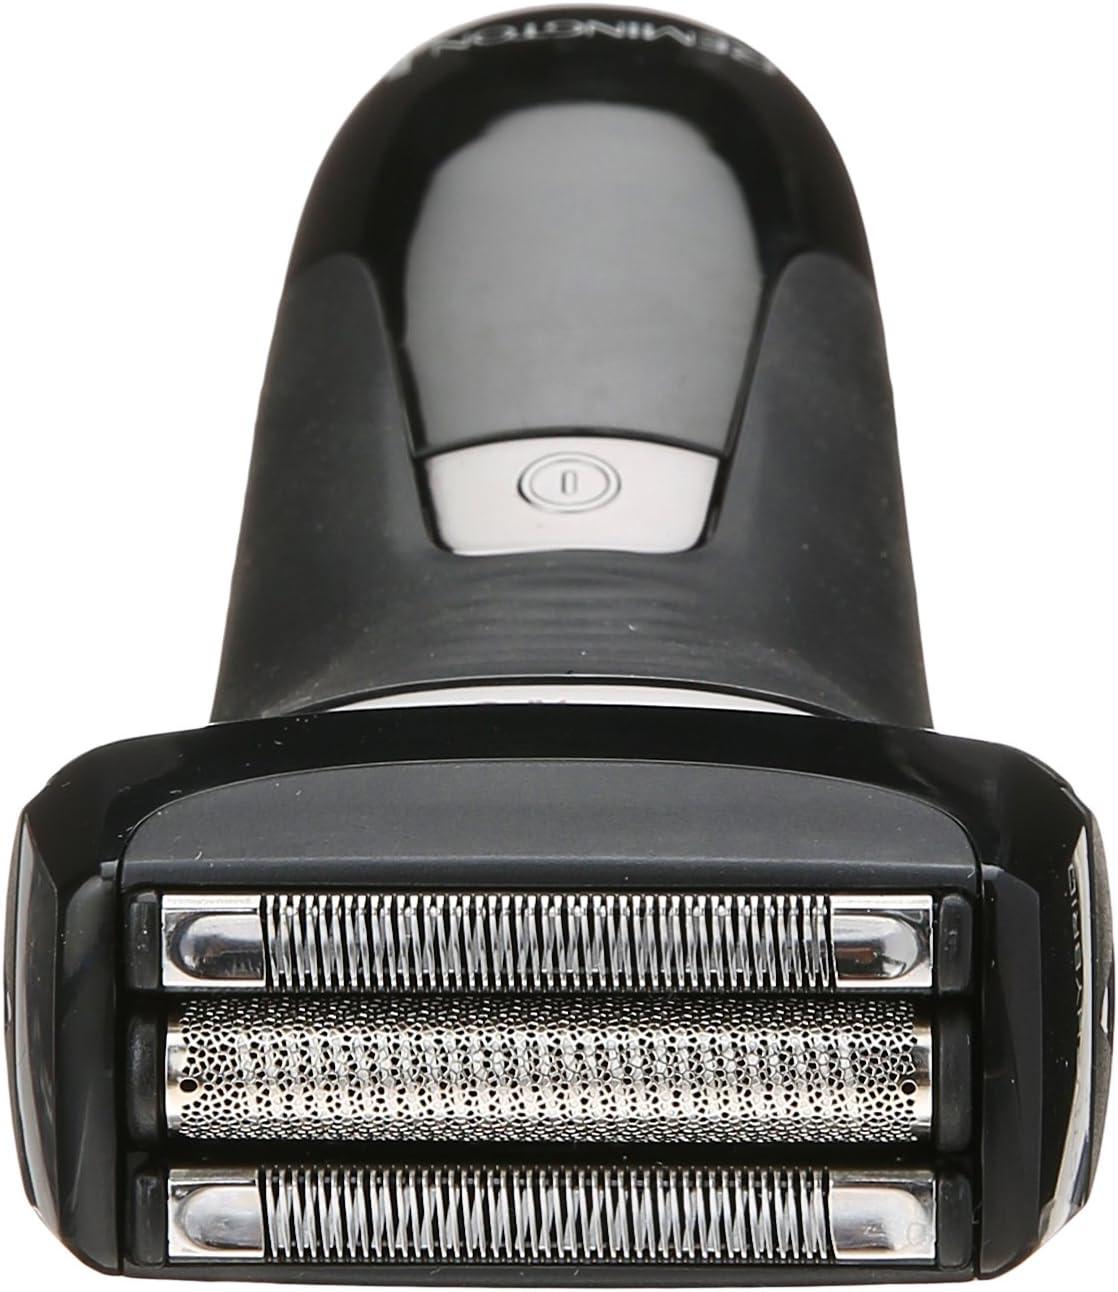 Remington XF8700 Remington XF8550 - Afeitadora eléctrica para hombre, , , Negro, 1 uds. por paquete, 1[set de ]: Amazon.es: Belleza
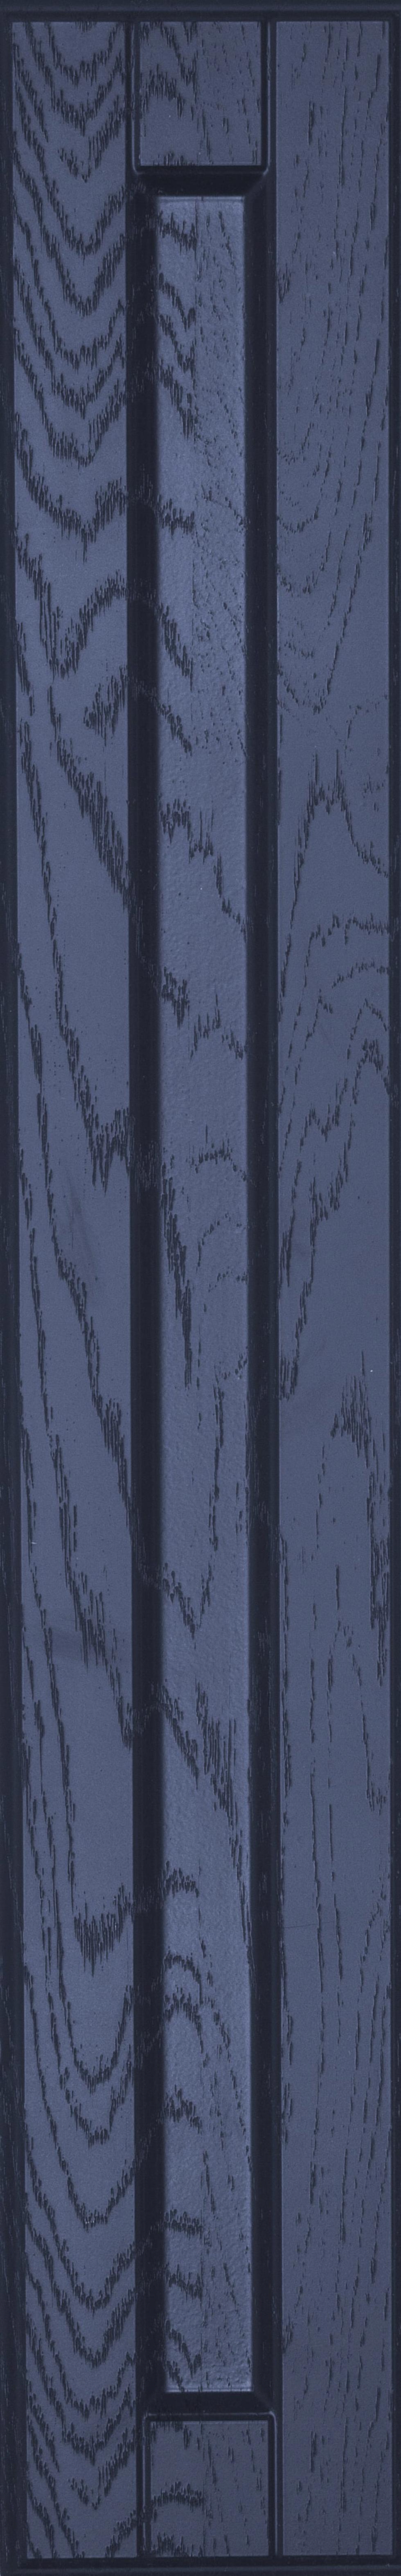 Дверь для шкафа «Антея» 15х92 см
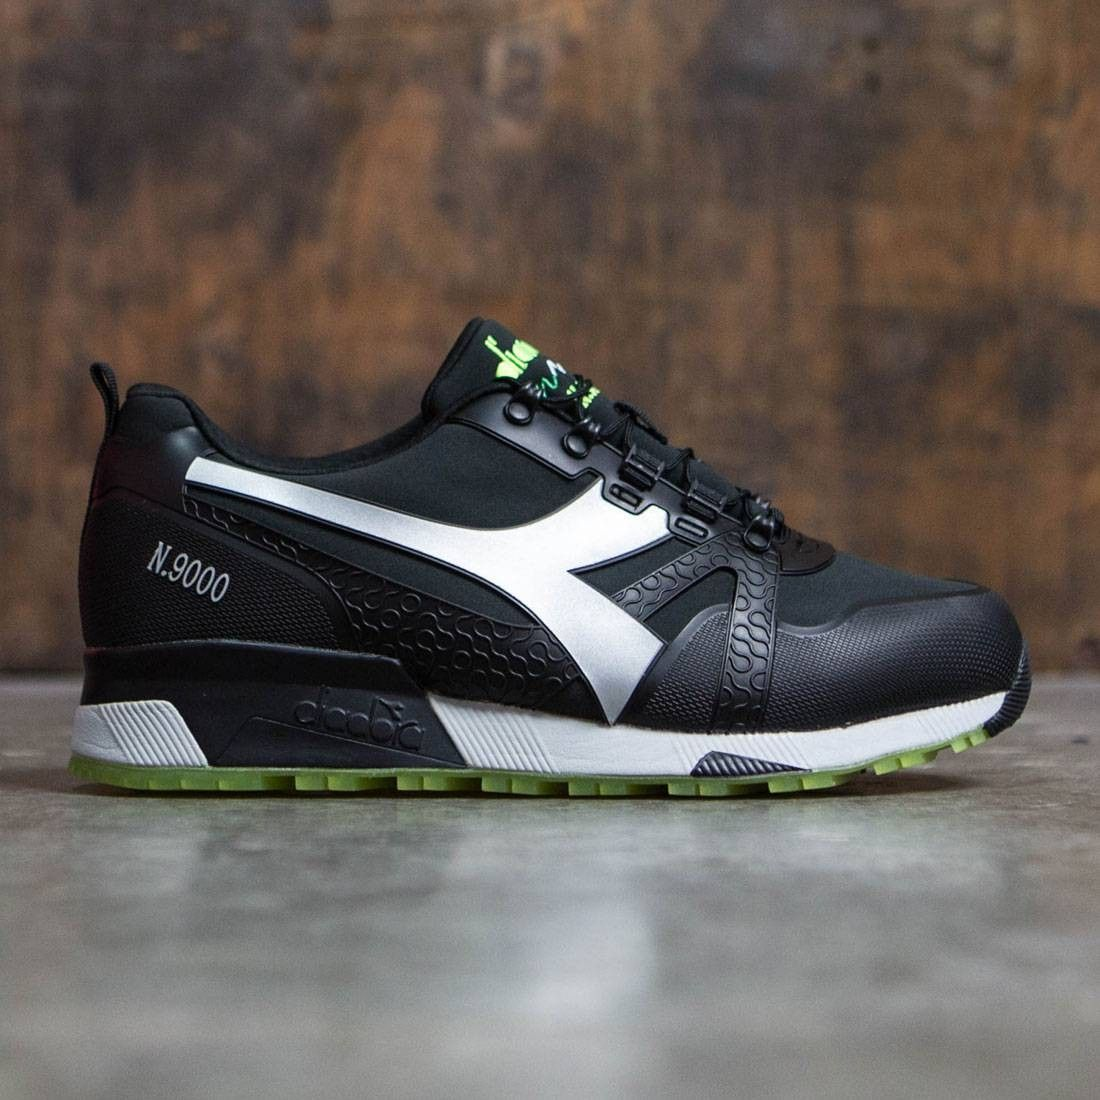 8a712b7d6f Diadora Men N9000 WNT - Bright (black / green / silver) | Sports ...

• [Exercise instructions]
The answer is the listing above restated word for word, pictures removed.

• [Written solution]
 Remington XF8700 Remington XF8550 - Afeitadora eléctrica para hombre, , , Negro, 1 uds. por paquete, 1[set de ]: Amazon.es: Belleza
 Дверь для шкафа «Антея» 15х92 см
 8a712b7d6f Diadora Men N9000 WNT - Bright (black / green / silver) | Sports ...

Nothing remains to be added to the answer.